Your instructions => Reproduce all of the data exactly.

Data =>
<<<<

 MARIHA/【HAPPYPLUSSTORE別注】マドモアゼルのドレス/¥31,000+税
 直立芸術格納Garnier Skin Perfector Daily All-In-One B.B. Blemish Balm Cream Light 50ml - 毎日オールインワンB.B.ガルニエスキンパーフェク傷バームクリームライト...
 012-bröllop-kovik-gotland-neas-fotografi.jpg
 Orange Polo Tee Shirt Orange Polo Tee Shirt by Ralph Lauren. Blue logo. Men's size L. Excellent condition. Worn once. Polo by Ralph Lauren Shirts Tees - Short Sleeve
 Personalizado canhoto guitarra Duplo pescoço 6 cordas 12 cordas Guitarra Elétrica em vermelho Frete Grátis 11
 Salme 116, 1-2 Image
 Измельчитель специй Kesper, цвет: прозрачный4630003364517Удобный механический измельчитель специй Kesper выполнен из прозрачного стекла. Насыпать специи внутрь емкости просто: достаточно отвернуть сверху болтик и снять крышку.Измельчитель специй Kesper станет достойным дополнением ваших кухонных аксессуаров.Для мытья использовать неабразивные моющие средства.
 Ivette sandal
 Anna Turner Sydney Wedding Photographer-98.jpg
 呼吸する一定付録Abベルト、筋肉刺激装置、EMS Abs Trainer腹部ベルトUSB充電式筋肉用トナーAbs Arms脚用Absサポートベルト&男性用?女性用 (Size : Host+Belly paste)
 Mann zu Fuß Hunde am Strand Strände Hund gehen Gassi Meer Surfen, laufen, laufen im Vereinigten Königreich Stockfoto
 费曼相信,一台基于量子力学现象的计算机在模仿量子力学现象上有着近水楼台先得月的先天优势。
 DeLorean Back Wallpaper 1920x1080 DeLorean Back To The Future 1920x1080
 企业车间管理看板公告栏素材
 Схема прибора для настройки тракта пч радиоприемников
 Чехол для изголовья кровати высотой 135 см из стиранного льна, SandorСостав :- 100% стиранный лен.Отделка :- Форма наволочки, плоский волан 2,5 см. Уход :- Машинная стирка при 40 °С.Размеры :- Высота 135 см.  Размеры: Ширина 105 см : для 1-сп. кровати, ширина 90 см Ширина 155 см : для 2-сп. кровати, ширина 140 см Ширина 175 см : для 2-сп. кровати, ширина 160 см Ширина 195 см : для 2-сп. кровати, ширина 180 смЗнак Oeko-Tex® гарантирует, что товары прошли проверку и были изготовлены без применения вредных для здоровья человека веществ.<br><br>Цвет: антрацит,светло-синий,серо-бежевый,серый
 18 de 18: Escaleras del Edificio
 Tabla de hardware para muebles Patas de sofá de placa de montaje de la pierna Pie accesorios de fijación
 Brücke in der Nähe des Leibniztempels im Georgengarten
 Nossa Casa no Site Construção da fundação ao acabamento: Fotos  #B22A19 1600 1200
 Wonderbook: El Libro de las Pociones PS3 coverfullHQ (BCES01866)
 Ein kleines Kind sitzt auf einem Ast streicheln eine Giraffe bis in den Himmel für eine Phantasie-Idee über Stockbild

>>>>

Written solution =>
 MARIHA/【HAPPYPLUSSTORE別注】マドモアゼルのドレス/¥31,000+税
 直立芸術格納Garnier Skin Perfector Daily All-In-One B.B. Blemish Balm Cream Light 50ml - 毎日オールインワンB.B.ガルニエスキンパーフェク傷バームクリームライト...
 012-bröllop-kovik-gotland-neas-fotografi.jpg
 Orange Polo Tee Shirt Orange Polo Tee Shirt by Ralph Lauren. Blue logo. Men's size L. Excellent condition. Worn once. Polo by Ralph Lauren Shirts Tees - Short Sleeve
 Personalizado canhoto guitarra Duplo pescoço 6 cordas 12 cordas Guitarra Elétrica em vermelho Frete Grátis 11
 Salme 116, 1-2 Image
 Измельчитель специй Kesper, цвет: прозрачный4630003364517Удобный механический измельчитель специй Kesper выполнен из прозрачного стекла. Насыпать специи внутрь емкости просто: достаточно отвернуть сверху болтик и снять крышку.Измельчитель специй Kesper станет достойным дополнением ваших кухонных аксессуаров.Для мытья использовать неабразивные моющие средства.
 Ivette sandal
 Anna Turner Sydney Wedding Photographer-98.jpg
 呼吸する一定付録Abベルト、筋肉刺激装置、EMS Abs Trainer腹部ベルトUSB充電式筋肉用トナーAbs Arms脚用Absサポートベルト&男性用?女性用 (Size : Host+Belly paste)
 Mann zu Fuß Hunde am Strand Strände Hund gehen Gassi Meer Surfen, laufen, laufen im Vereinigten Königreich Stockfoto
 费曼相信,一台基于量子力学现象的计算机在模仿量子力学现象上有着近水楼台先得月的先天优势。
 DeLorean Back Wallpaper 1920x1080 DeLorean Back To The Future 1920x1080
 企业车间管理看板公告栏素材
 Схема прибора для настройки тракта пч радиоприемников
 Чехол для изголовья кровати высотой 135 см из стиранного льна, SandorСостав :- 100% стиранный лен.Отделка :- Форма наволочки, плоский волан 2,5 см. Уход :- Машинная стирка при 40 °С.Размеры :- Высота 135 см.  Размеры: Ширина 105 см : для 1-сп. кровати, ширина 90 см Ширина 155 см : для 2-сп. кровати, ширина 140 см Ширина 175 см : для 2-сп. кровати, ширина 160 см Ширина 195 см : для 2-сп. кровати, ширина 180 смЗнак Oeko-Tex® гарантирует, что товары прошли проверку и были изготовлены без применения вредных для здоровья человека веществ.<br><br>Цвет: антрацит,светло-синий,серо-бежевый,серый
 18 de 18: Escaleras del Edificio
 Tabla de hardware para muebles Patas de sofá de placa de montaje de la pierna Pie accesorios de fijación
 Brücke in der Nähe des Leibniztempels im Georgengarten
 Nossa Casa no Site Construção da fundação ao acabamento: Fotos  #B22A19 1600 1200
 Wonderbook: El Libro de las Pociones PS3 coverfullHQ (BCES01866)
 Ein kleines Kind sitzt auf einem Ast streicheln eine Giraffe bis in den Himmel für eine Phantasie-Idee über Stockbild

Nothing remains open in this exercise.